About this task —
At the line with "利用DNA折纸术构建金纳米棒@金纳米粒子手性螺旋超结构", start transcribing; stop after the last line of the data below. Keep it exact and leave pictures out.
*** Opening Dataset extract ***
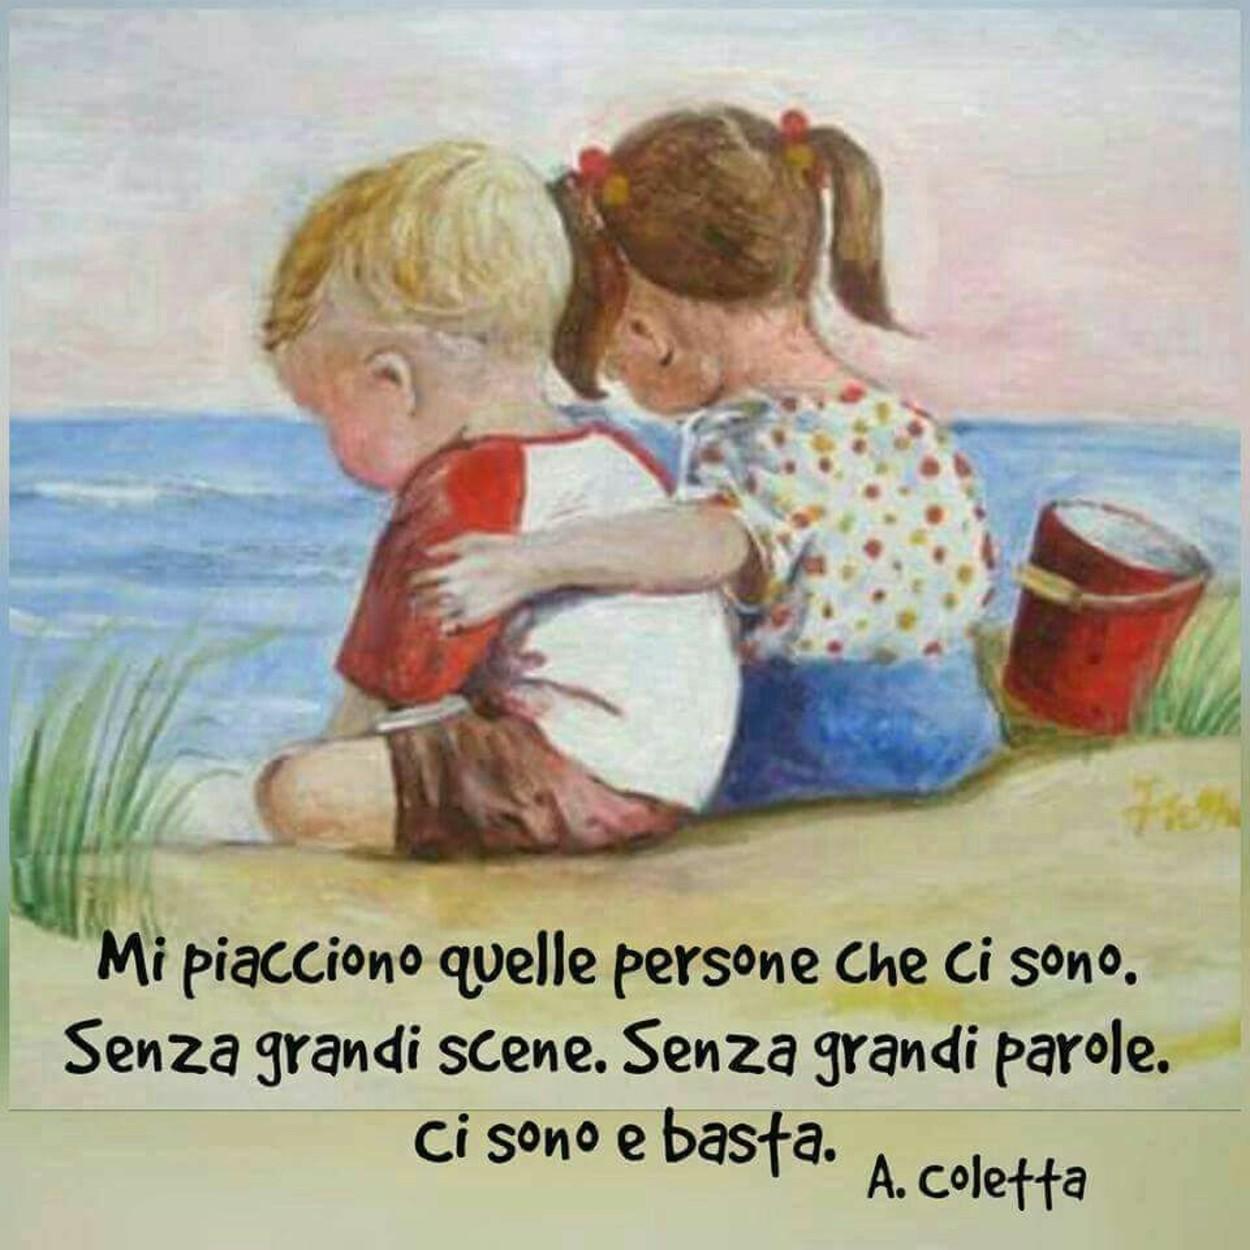 Per te Pasq amica mia...con tutto il mio affetto!  *_*
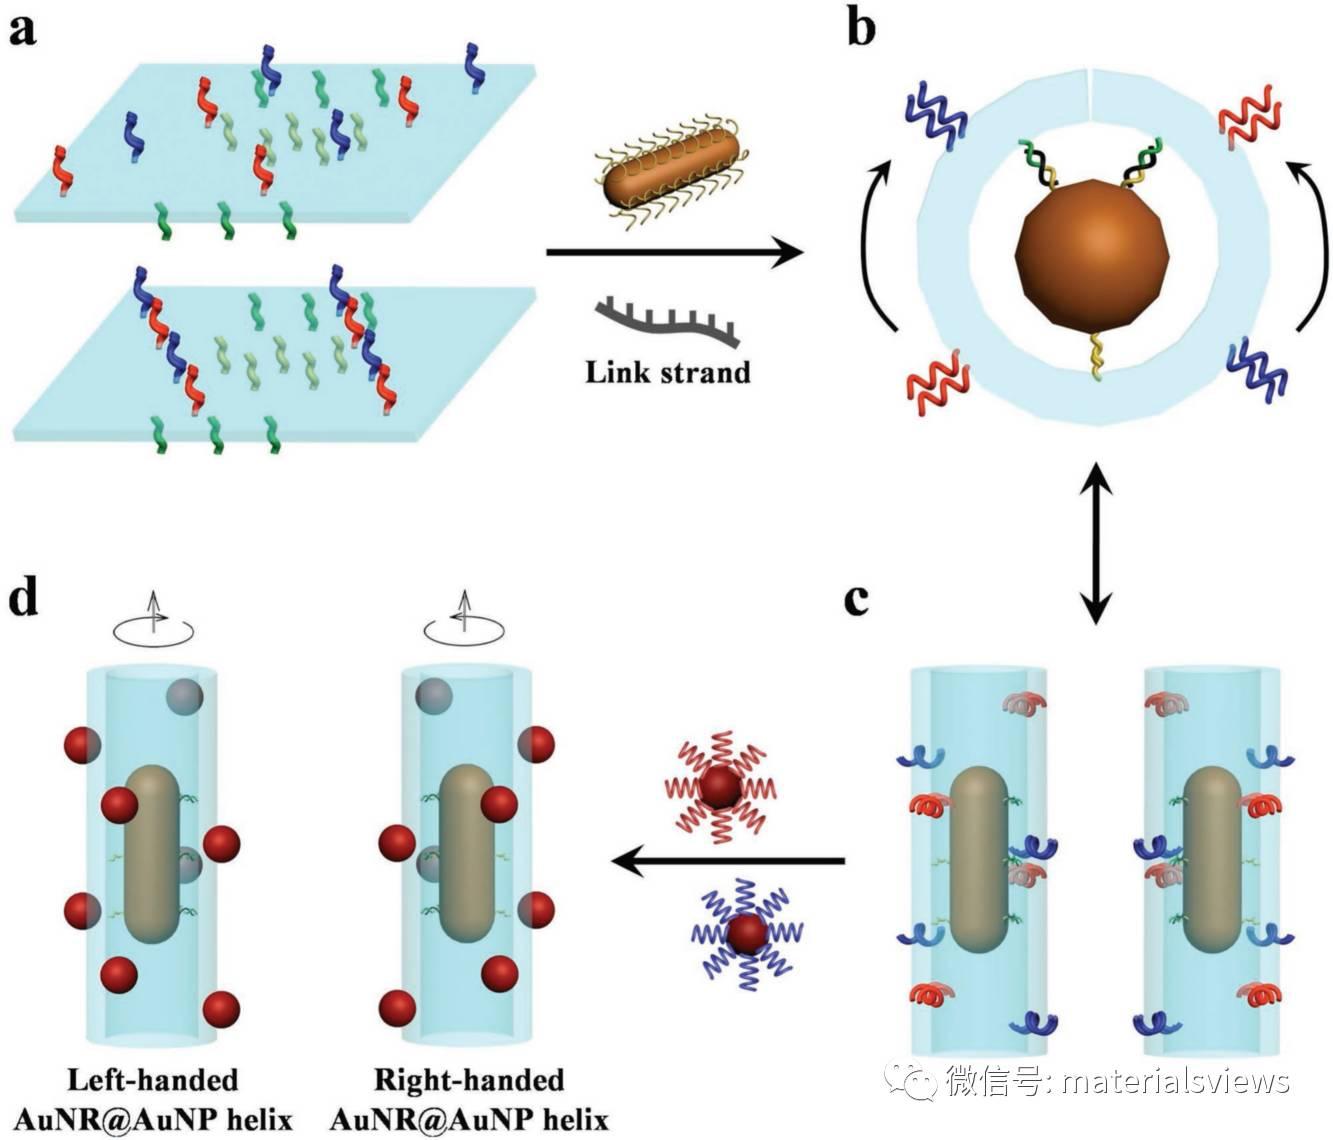 利用DNA折纸术构建金纳米棒@金纳米粒子手性螺旋超结构
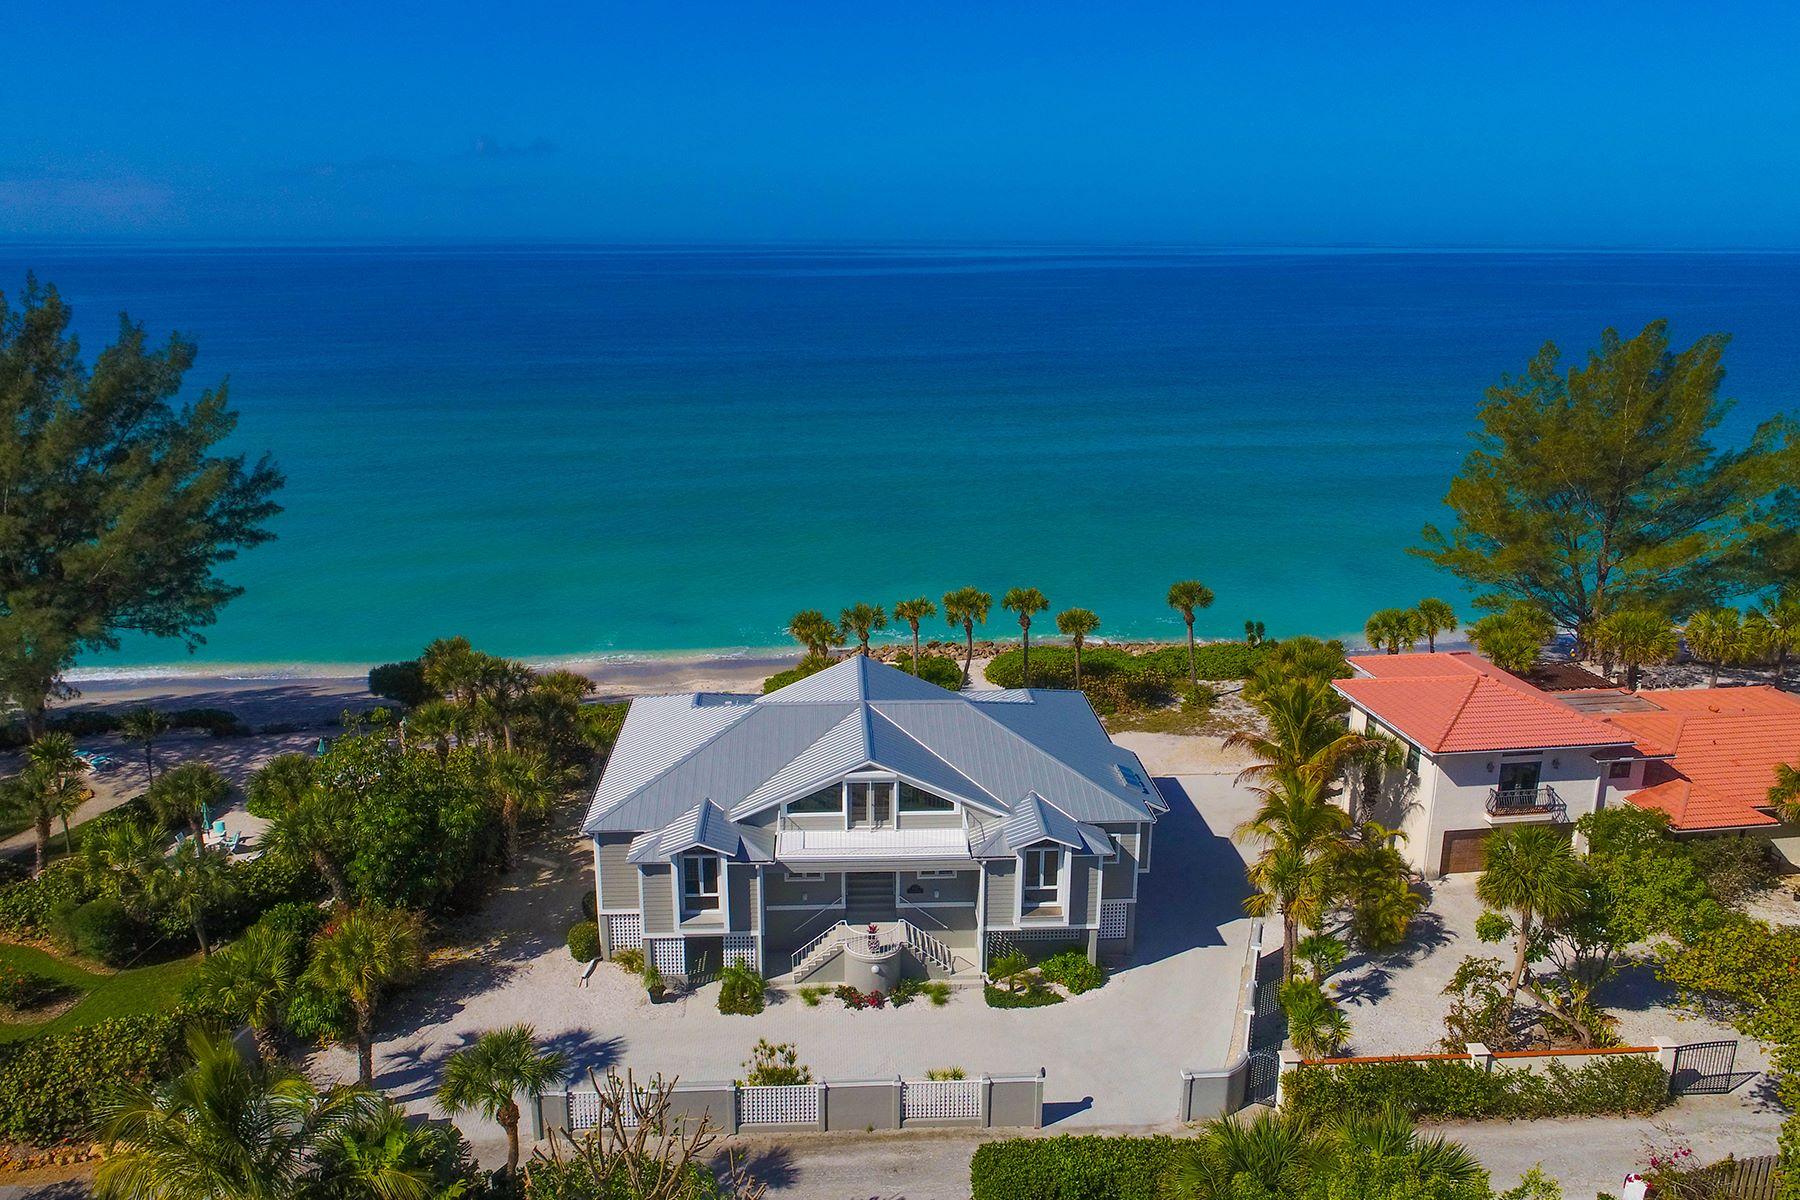 一戸建て のために 売買 アット CASEY KEY 1027 N Casey Key Rd Osprey, フロリダ, 34229 アメリカ合衆国
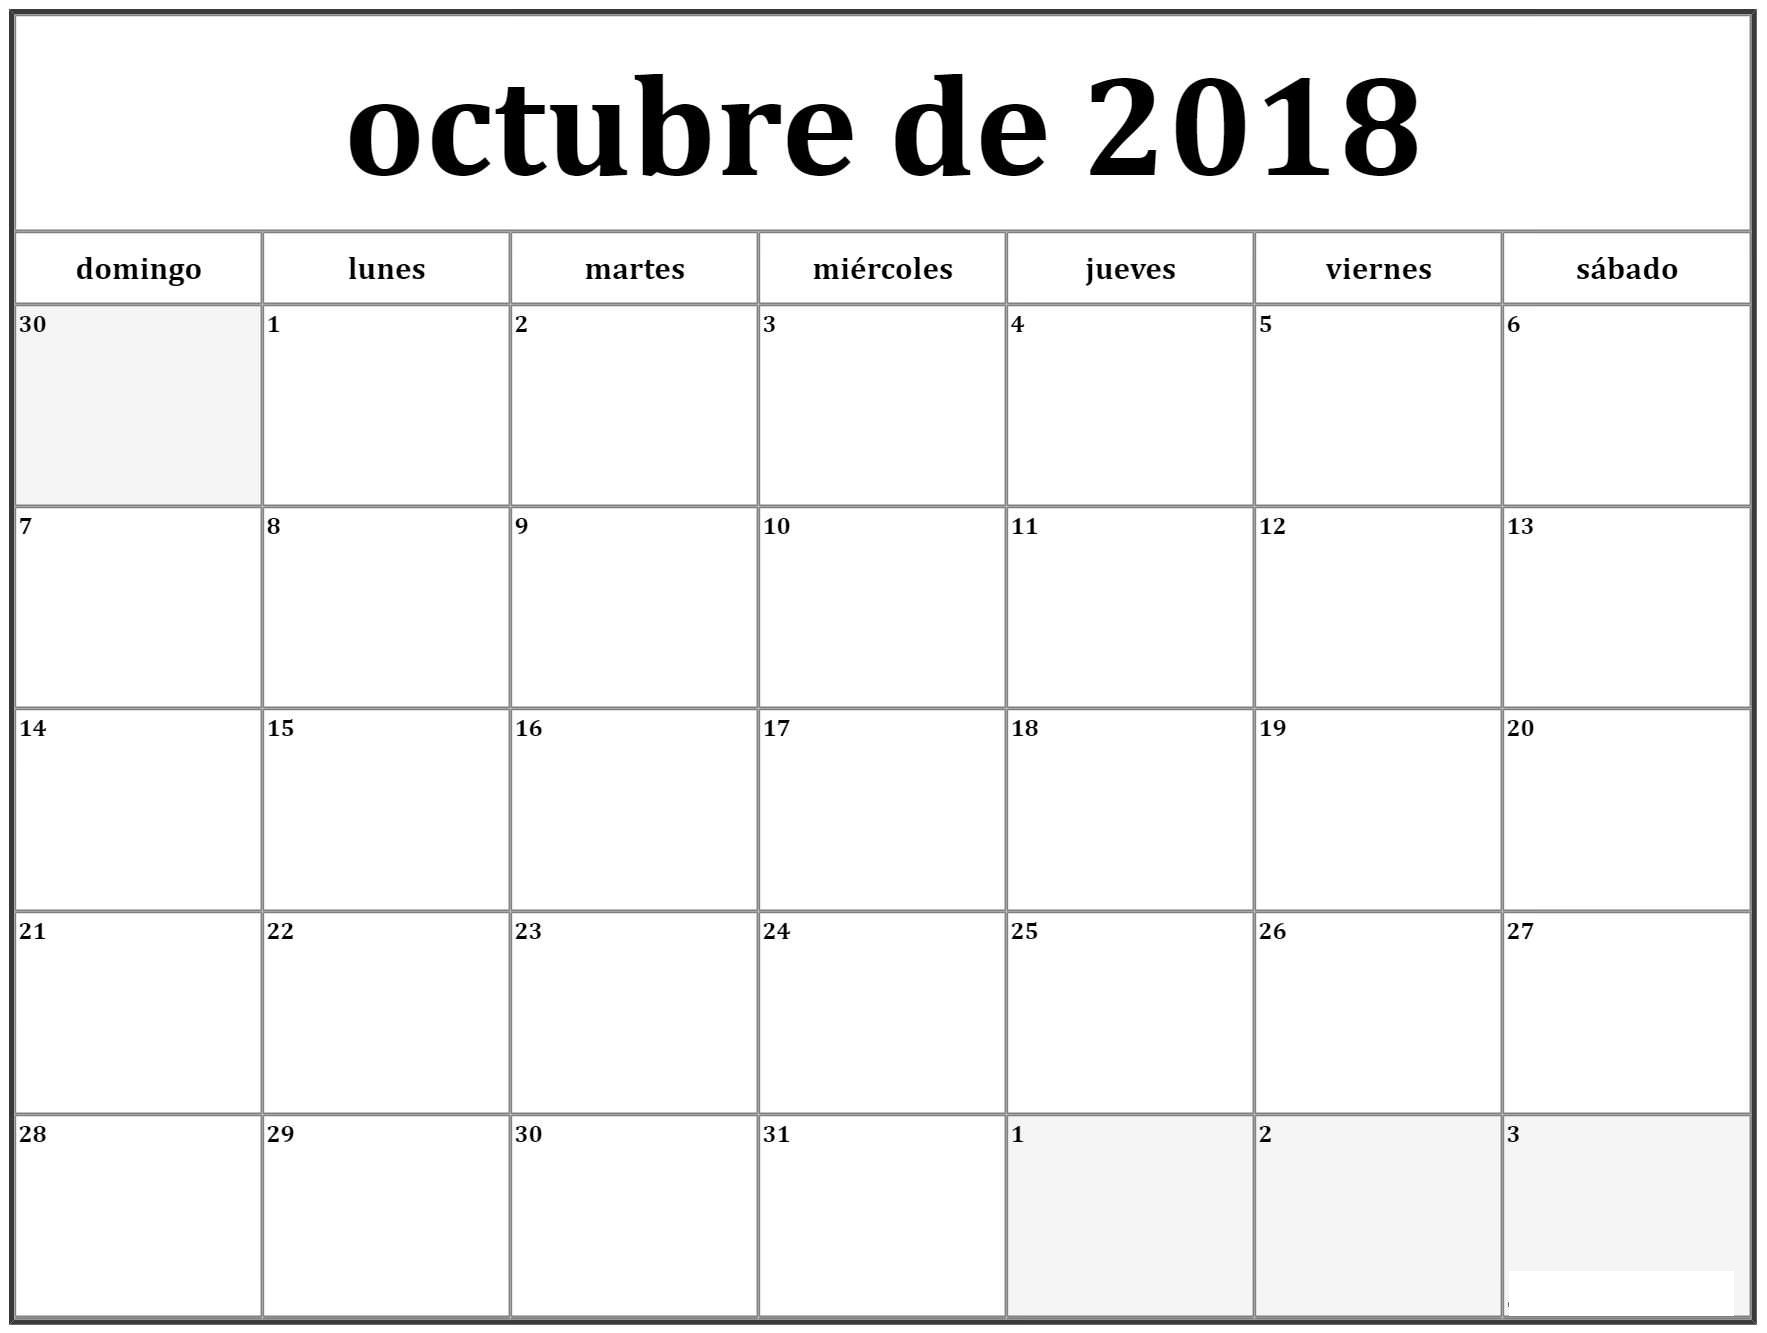 Mes noviembre 2018 descarga Octubre Calendario 2018 Argentina Dise±o Calendario Octubre 2018 Argentina
*** Closing Dataset extract ***
Output below —
 利用DNA折纸术构建金纳米棒@金纳米粒子手性螺旋超结构
 一戸建て のために 売買 アット CASEY KEY 1027 N Casey Key Rd Osprey, フロリダ, 34229 アメリカ合衆国
 Mes noviembre 2018 descarga Octubre Calendario 2018 Argentina Dise±o Calendario Octubre 2018 Argentina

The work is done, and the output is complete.